-- DATA EXCERPT follows --

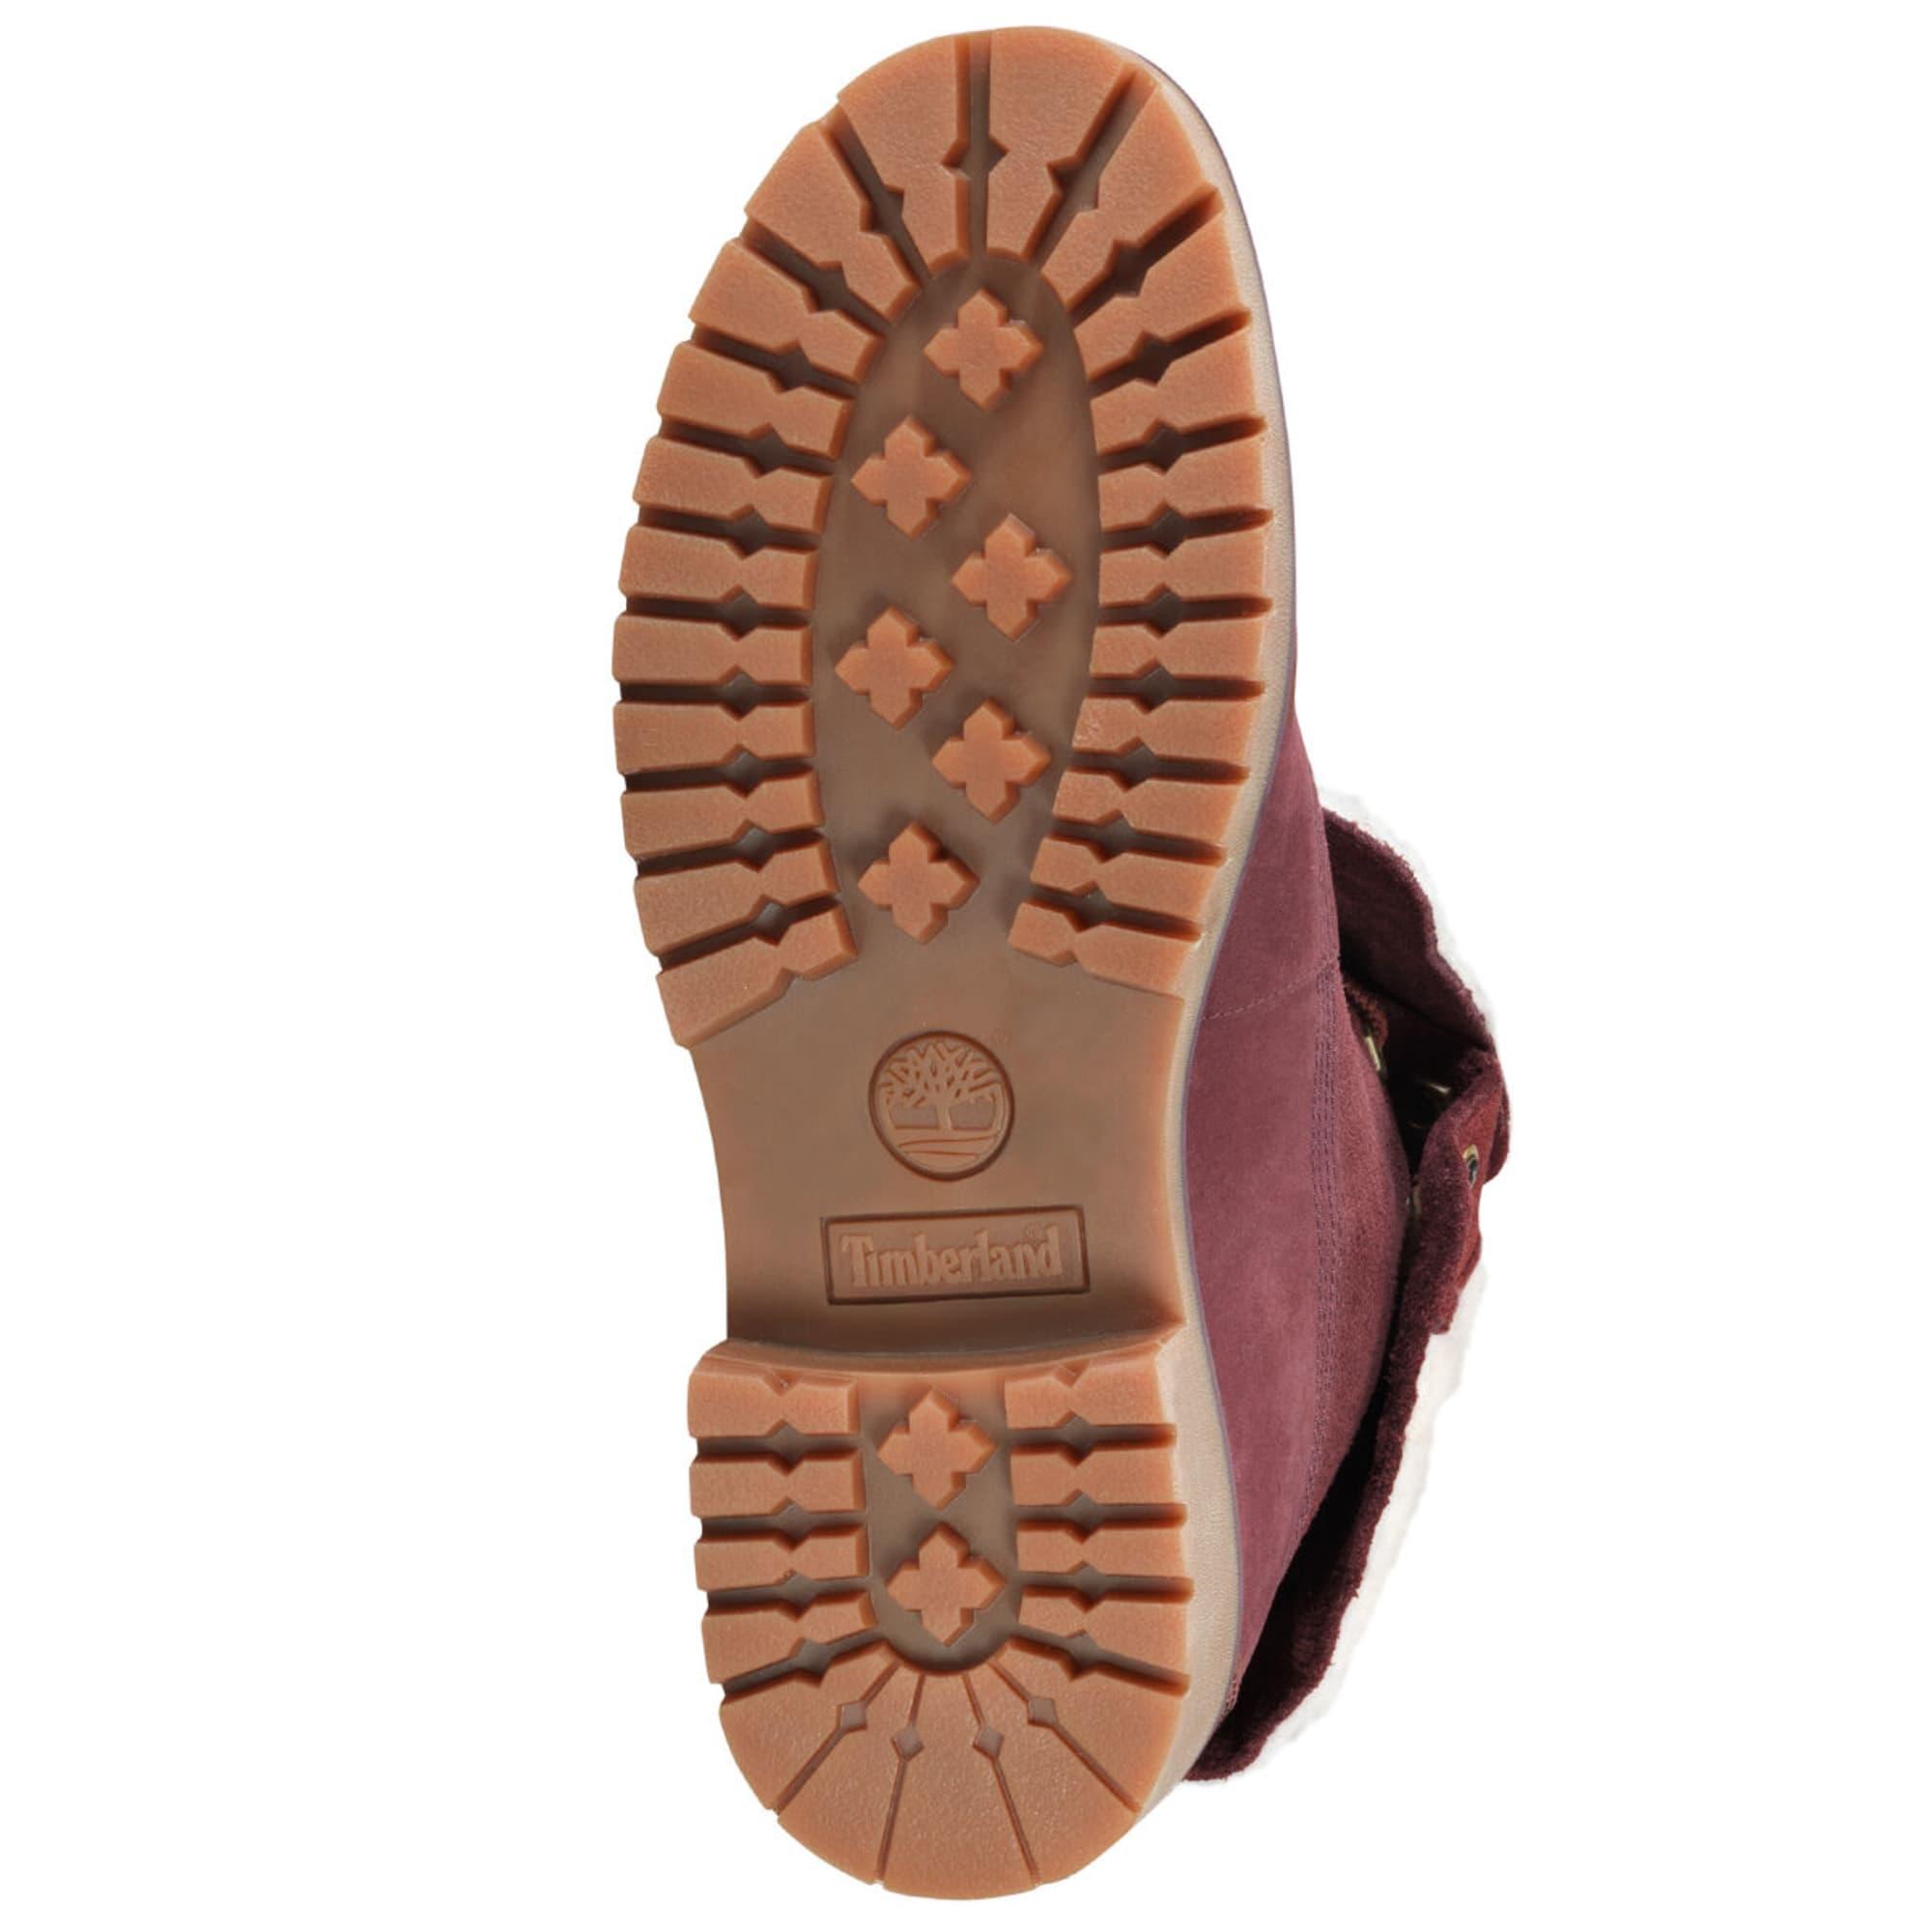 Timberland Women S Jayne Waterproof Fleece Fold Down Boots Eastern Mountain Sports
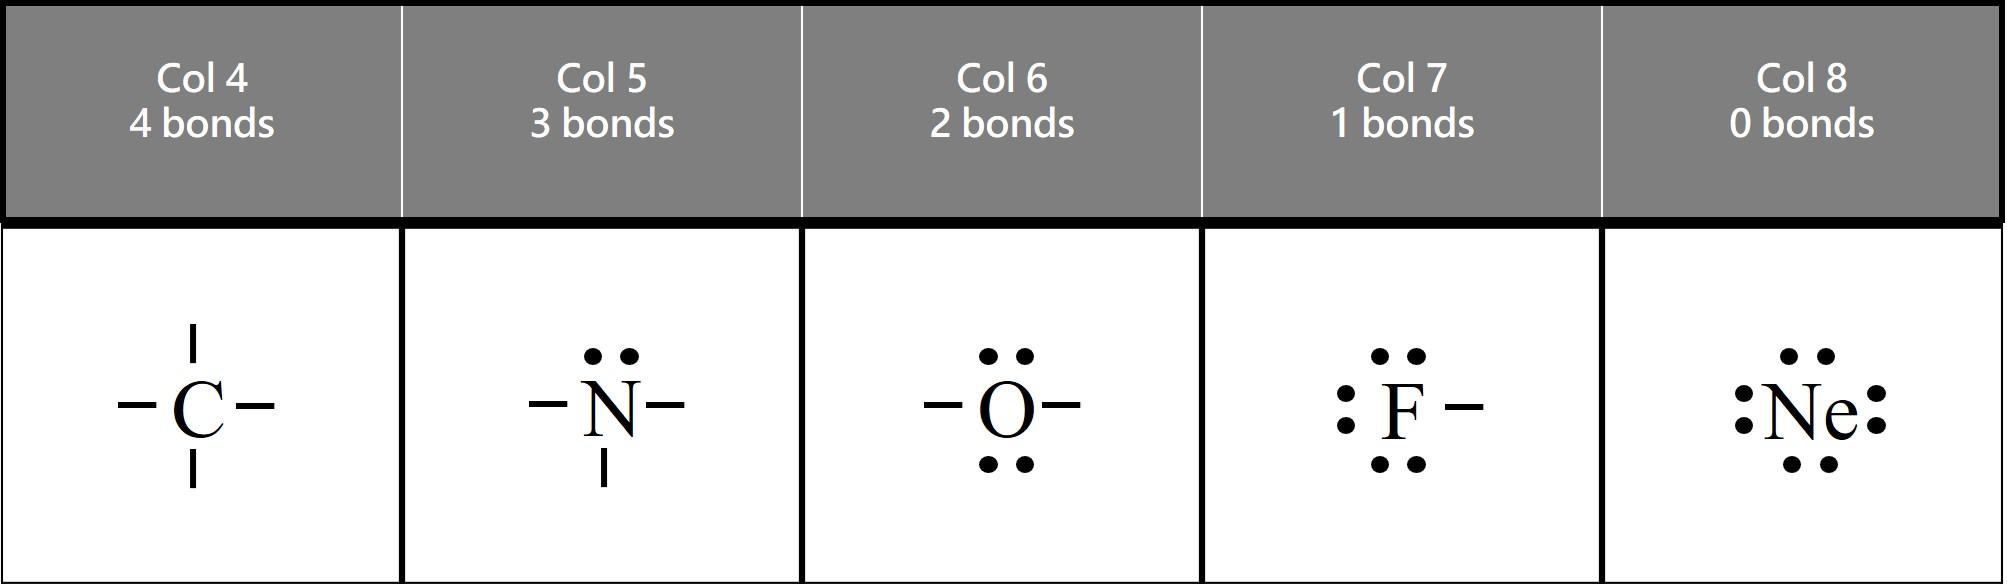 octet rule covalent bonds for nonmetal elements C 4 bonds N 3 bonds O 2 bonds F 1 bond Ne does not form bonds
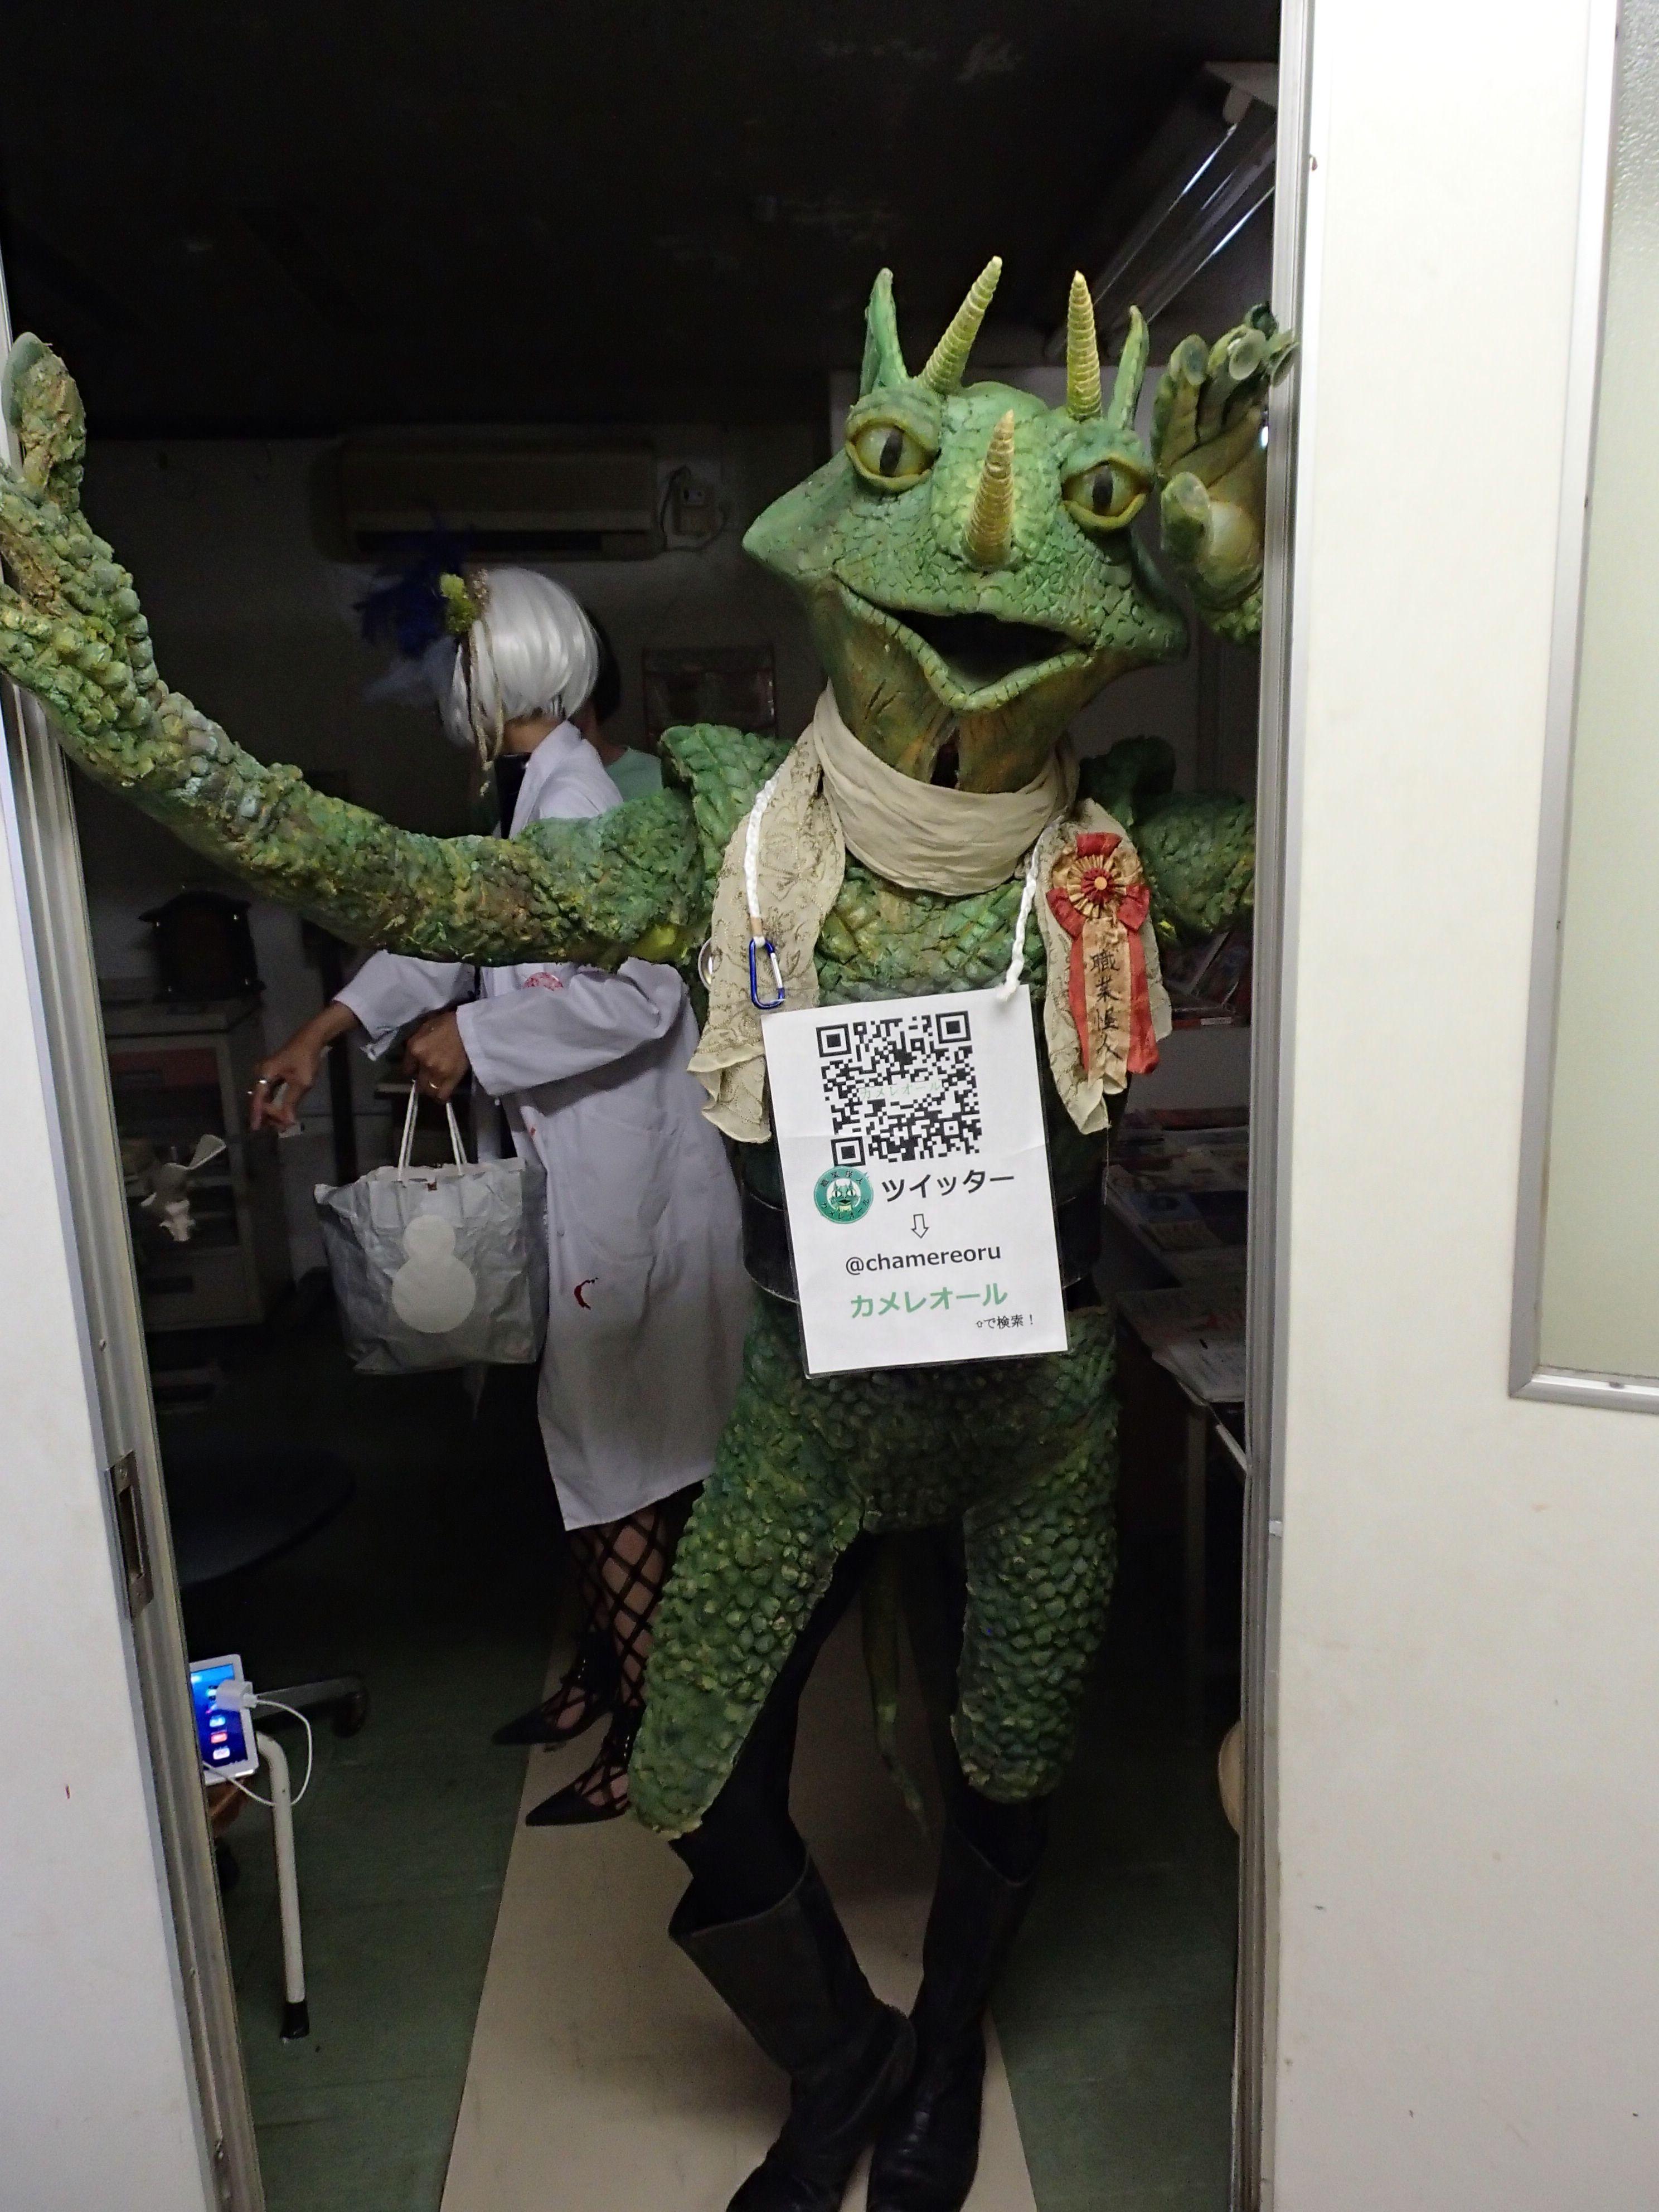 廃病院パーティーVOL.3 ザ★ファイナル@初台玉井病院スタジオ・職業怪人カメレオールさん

-- DATA EXCERPT concluded --

__PROBLEM REQUIREMENTS__.
The whole listing should be reproduced exactly. Images don't go in.

__WRITTEN RESPONSE__.
 Timberland Women S Jayne Waterproof Fleece Fold Down Boots Eastern Mountain Sports
 octet rule covalent bonds for nonmetal elements C 4 bonds N 3 bonds O 2 bonds F 1 bond Ne does not form bonds
 廃病院パーティーVOL.3 ザ★ファイナル@初台玉井病院スタジオ・職業怪人カメレオールさん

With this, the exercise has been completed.